3. The modified alumina or hydrated alumina powder or molded article according to claim 1 or 2, having a T specific surface area. 4. The modified alumina, hydrated alumina powder, or compact according to claim 1, wherein the composite metal aluminum hydroxide salt contains a magnesium component. . 5. A composite metal aluminum hydroxide salt having a carbonate anion.
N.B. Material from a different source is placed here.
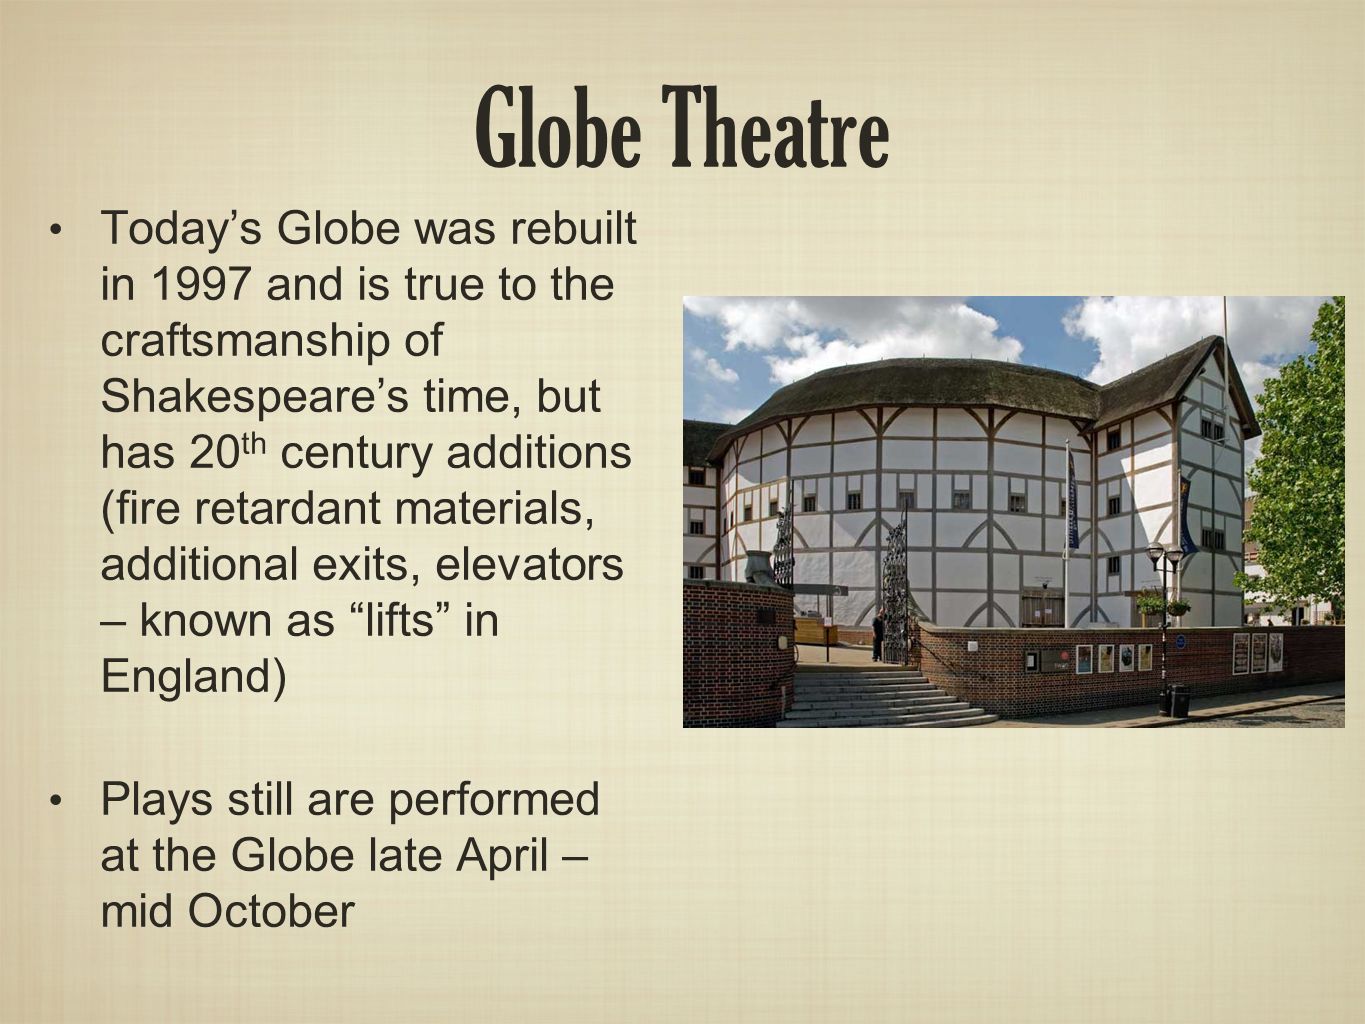 Theatre перевод на русский. Театр Глобус Шекспира. The Globe Theatre in London текст. Презентация the Globe Theatre. Английский театр Глобус.

5. A modified alumina, a hydrated alumina powder, or a molded article according to any one of items 1 to 4. 6. The modified alumina or hydrated alumina according to claim 1, wherein the composite metal aluminum hydroxide salt is mainly composed of magnesium aluminum hydroxide carbonate. Powder or granules. 7. The modified alumina or hydrated alumina powder according to any one of claims 1 to 6, wherein the composite metal aluminum hydroxide salt is present on the surface of a powder or a compact made of alumina or hydrated alumina. Granules or compacts. 8. The modified alumina according to claim 1, wherein the composite metal aluminum hydroxide salt is present on the outer surface and the inner surface of a powder or a compact made of alumina or hydrated alumina. Or hydrated alumina powder or molded product. 9. A BET specific surface area of 80 to 500 m ² /
9. The modified alumina or hydrated alumina powder or molded article according to claim 1, wherein the g and the pore volume are 0.1 to 1.5 ml / g. 10. A dispersion or immersion of a powder or granules of active alumina or hydrated alumina in an aqueous medium containing a state in which a water-soluble salt of a monovalent or divalent metal is dissolved. Included and pH of 7-12
In, the powder or the molded body and a water-soluble salt to react,
A method for producing a modified alumina, a hydrated alumina powder, or a molded product, which is heat-treated if necessary. 11. The method according to claim 10, wherein the reaction is carried out at a temperature of from 20 to 200 ° C.